Nobody should be homeless in the world’s seventh-richest nation in the year 2013.

Bulgarians and Romanians, and anybody else thinking that the UK looks like a nice place to live, please know what you are letting yourself in for. Please know that you are likely to be exploited – legally – by the types of people that run the country now, for they are the landlords charging extortionate rents, the employers profiting from forced unpaid labour (it’s called Workfare, you should definitely google it), the economists resistant to raising the minimum wage so that it can truly be a living wage – they didn’t want a minimum wage introduced in the first place, in 1999 (the USA brought in a minimum wage during the Great Depression of the 1930s, for goodness sake) and fought tooth and claw to oppose it. You will find that the cost of living is high indeed, just about everything is more expensive than in other parts of Europe, from train fares to food prices (these have risen by 32 per cent in five years, which is nearly double the European average, partly due to wet summers destroying harvests). You will be used to break strikes which will make you unpopular with striking workers, like these were. Without good fortune you will join the despised underclass unless you aspire to be middle class (‘working class’ is not enough) and say all the right things at all the right times to all the right people.

You’ll love the convenience of doorstep lending and high interest loans to tide you over until pay day. Just put the telly on in the daytime, if you can afford to, and you’ll see, every twelve minutes or so, just how many friendly loan sharks there are looking to help you in Britain. I don’t know why they’re called sharks; they’re great big smiling fish, really. After all, they want to help you whereas the banks don’t. Strange, that, seeing as we gave them money when they needed it.

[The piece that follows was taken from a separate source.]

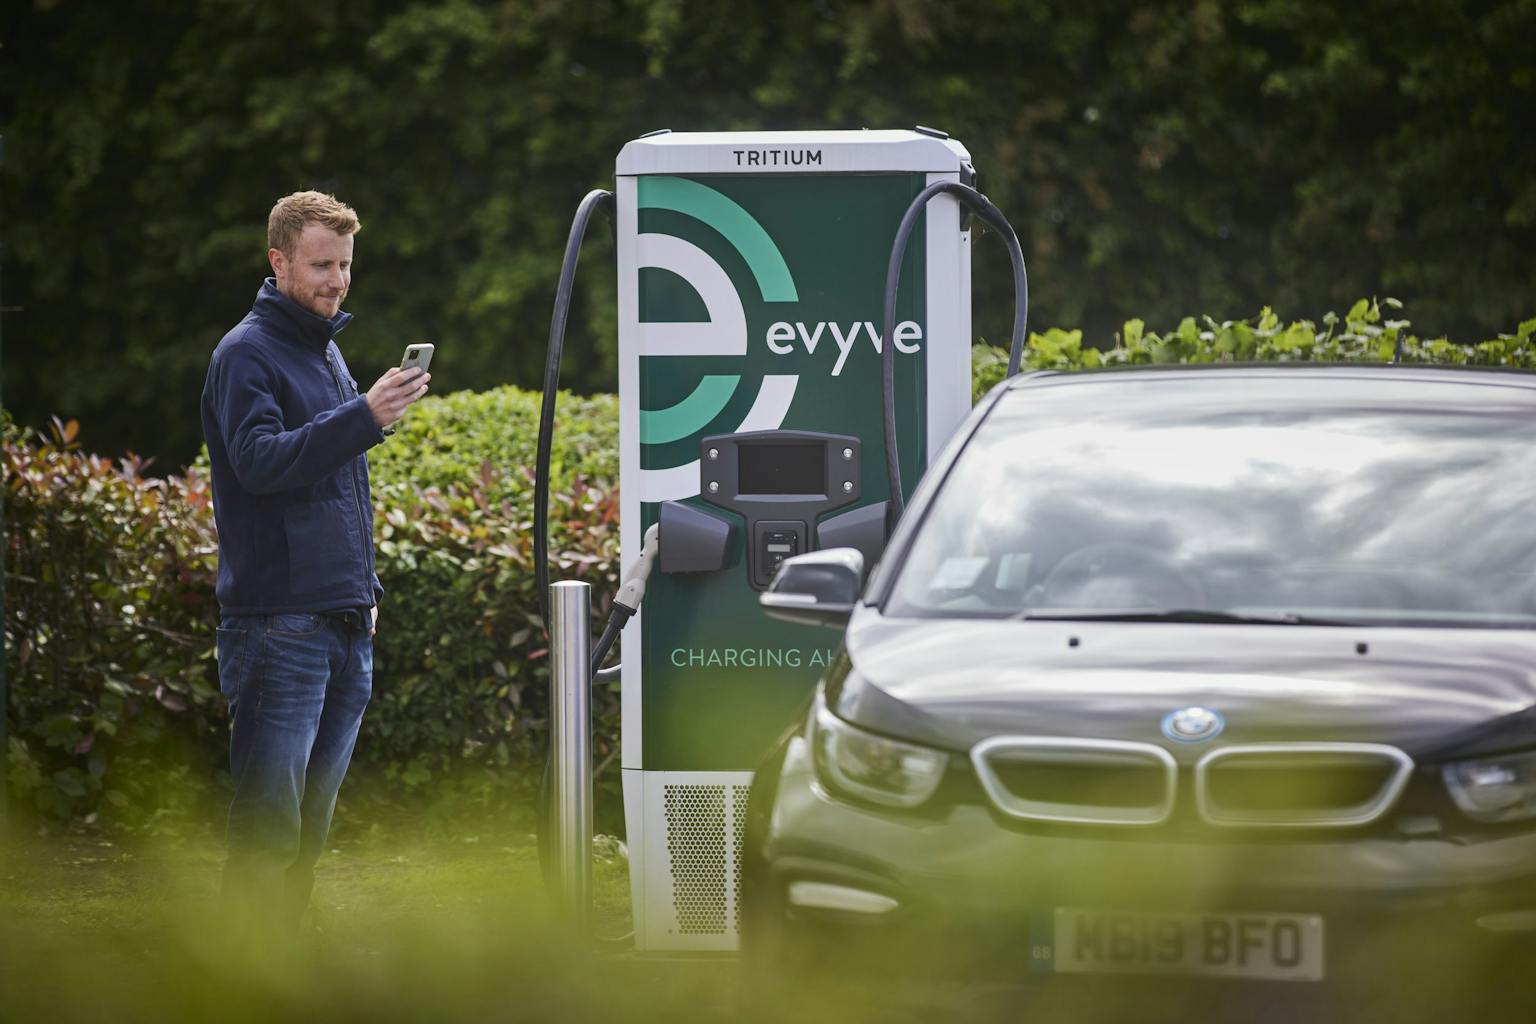 evyve ev charging station being used to charge an ev

In other words, come to Britain and get fleeced.

We voted for a coalition of over-privileged, right-wing, anti-European bigots, most of whom have never done a real day’s work in their lives but are somehow best placed to tell you, me and everyone how much of everything is just about enough to get by. Still want to join us?

So, Bulgarians and Romanians, if you want to think twice about relocating to Britain, I won’t be offended, I would totally understand. Just please know, as I’m sure you already do, that the vast majority of Britons would much rather see good, honest workers coming in than idle rich and, should you fit this criteria, brave our inclement weather and tolerate our grumpiness, I say: Welcome to the mad house, please enjoy your stay.

Still, I often think of leaving it. Germany looks much better…

Author: FEd

Features Editor of David Gilmour's official blog, The Blog ('Features' previously being its rather naff title), affectionately - or lazily - shortened to 'FEd'.

51 thoughts on “Immigration”

  1. Great blog. I couldn’t agree more with the views.

    We need our media to stop scaring the masses with false information. Instead we should be helping people to understand the facts and link this in with information to help people to gain a understanding of European history (recent history).

  2. I live in Mississippi, USA and we have a large, very large, Latino population. Most that I am acquainted with are hard working for indecently low wages. I have no answers to the problems this causes. The only part of it that really gets my hackles up is that most Americans believe that if a Latino doesn’t speak perfect English, then they must be of inferior intelligence. In other words, just plain stupid.

    I am a disabled Army veteran who proudly volunteered to serve my country. I fell off of a telephone pole while on duty thirty years ago and I am still plagued with back and hip problems. I get fair medical benefits, but if I were the one making the decision of how much a disabled veteran should be paid, I would have to hang my head in shame. I am not looking for a hand out, but I need the help supplementing my income since my injuries prevent me from earning a decent salary. I am made to feel like a bum looking for a handout just like some of the immigrants you refer to.

    I wish I had an answer for all of this, but I don’t. All I feel I have a right to ask is please don’t assume that an immigrant is stupid and mentally inferior because they don’t speak perfect English Also, be aware that every county has its own set of problems and that their grass is not always greener.

    1. I am made to feel like a bum looking for a handout just like some of the immigrants you refer to.

      This I find disgraceful. The way the UK treats the elderly and disabled and its veterans is appalling, expecting far too many to subsist on a pittance. The US, too, it seems. That both these proud nations have such incredible wealth leaves a very bad taste in my mouth.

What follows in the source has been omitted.